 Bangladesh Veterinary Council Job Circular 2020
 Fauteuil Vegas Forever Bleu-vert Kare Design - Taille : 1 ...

* * *

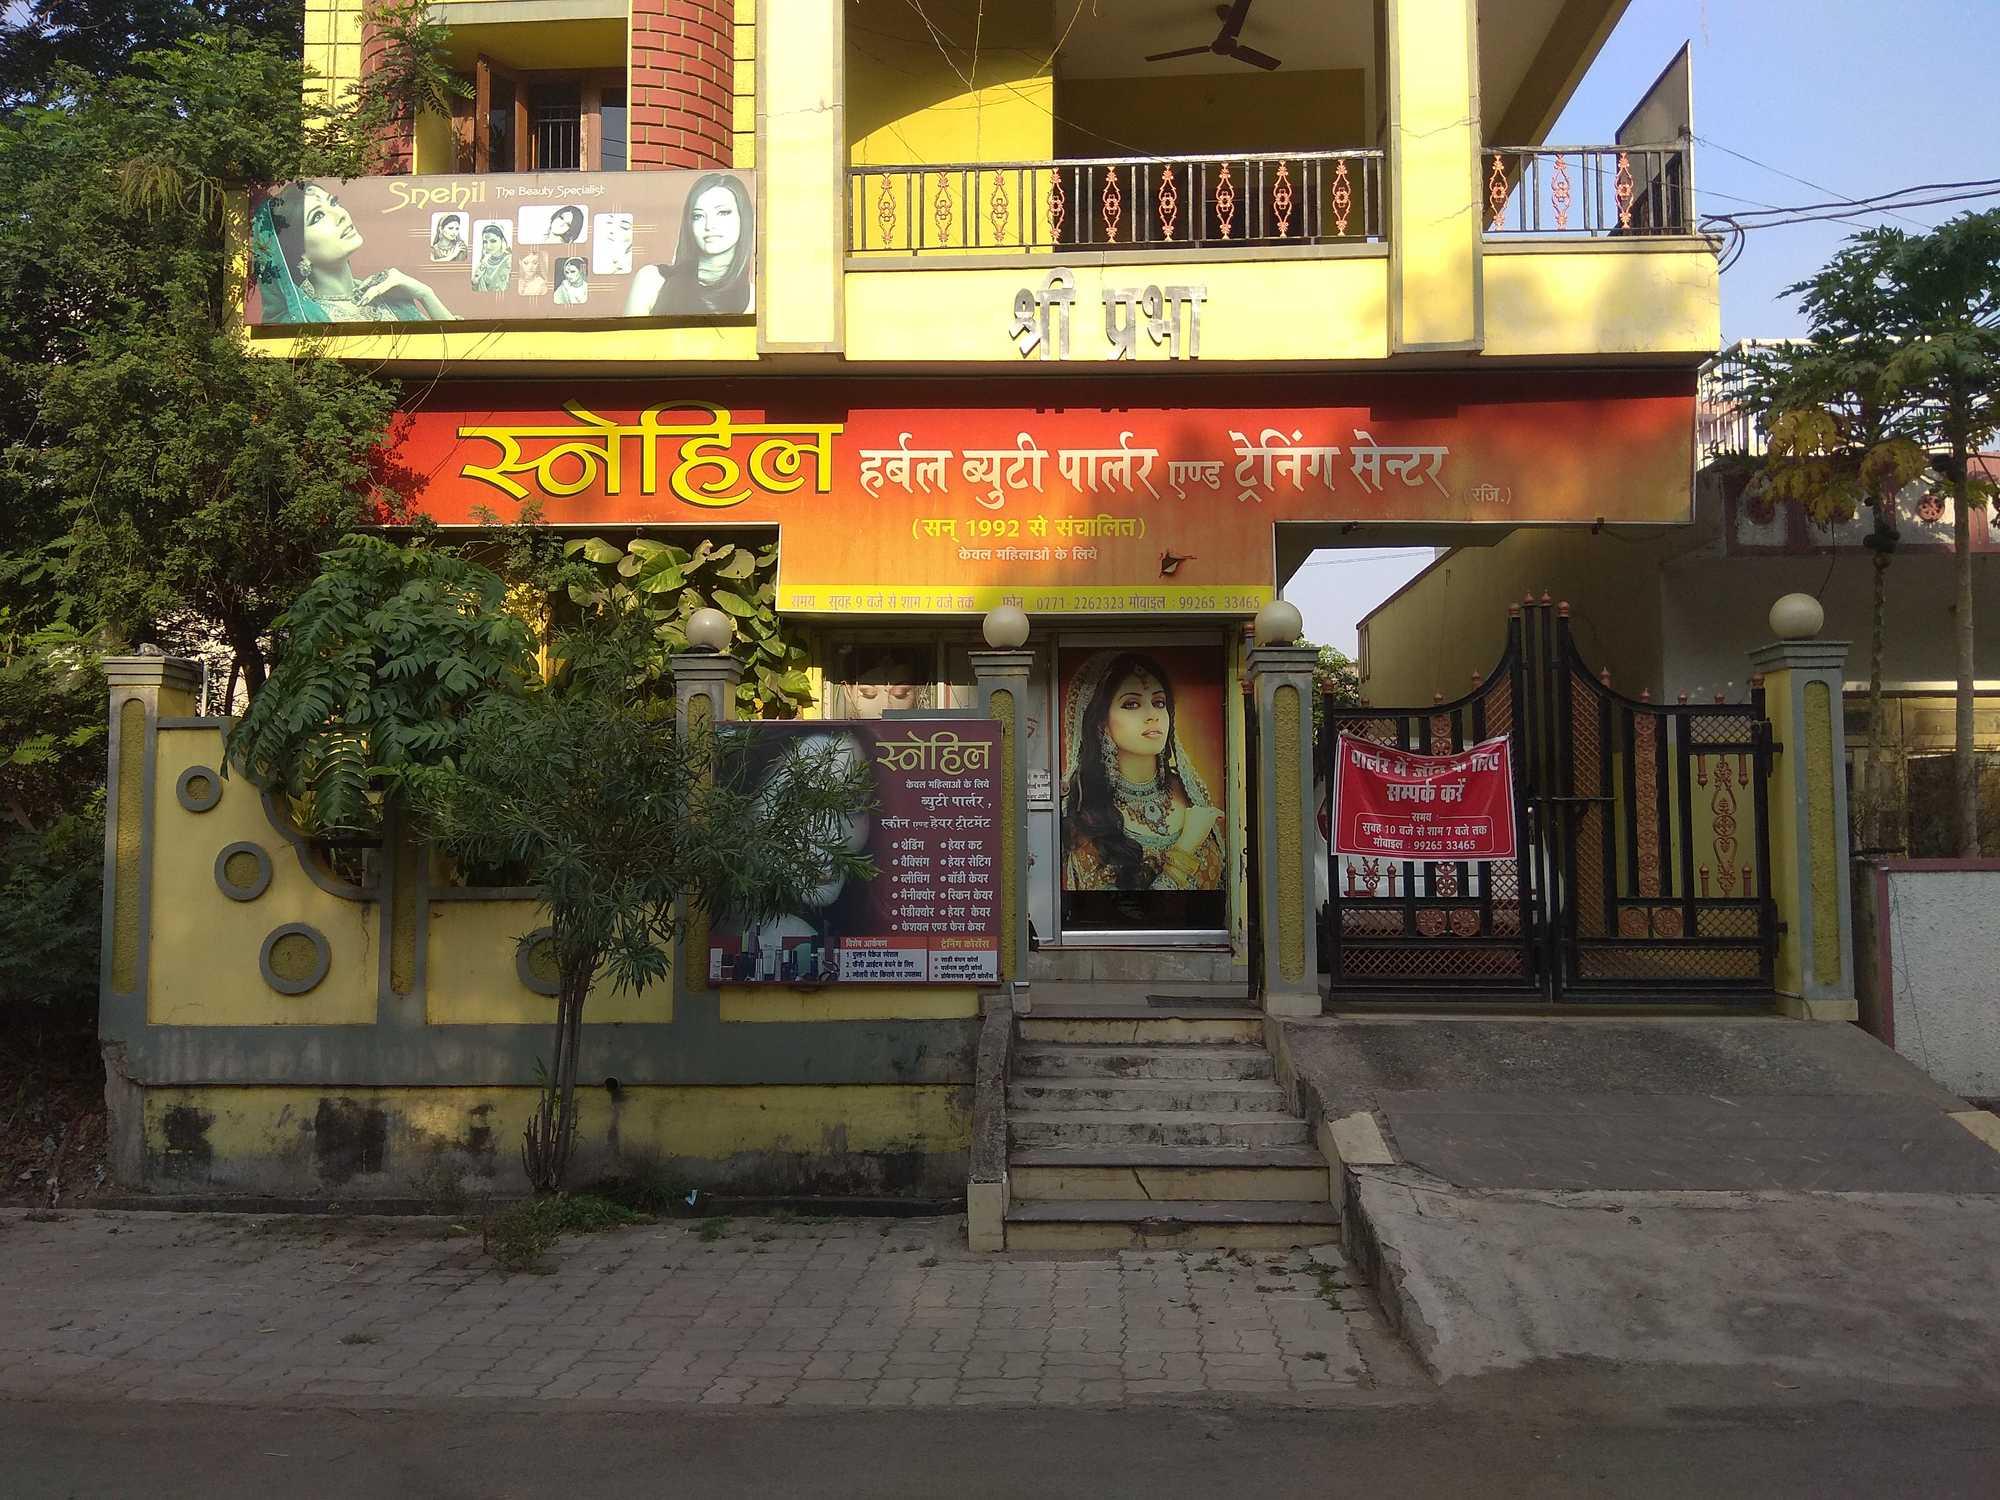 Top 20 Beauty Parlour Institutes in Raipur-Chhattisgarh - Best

### The task
Repeat, character for character, the lines of the material above from the line with "Bangladesh Veterinary Council" through the line with "Fauteuil Vegas Forever".

### Response for this exercise
 Bangladesh Veterinary Council Job Circular 2020
 Fauteuil Vegas Forever Bleu-vert Kare Design - Taille : 1 ...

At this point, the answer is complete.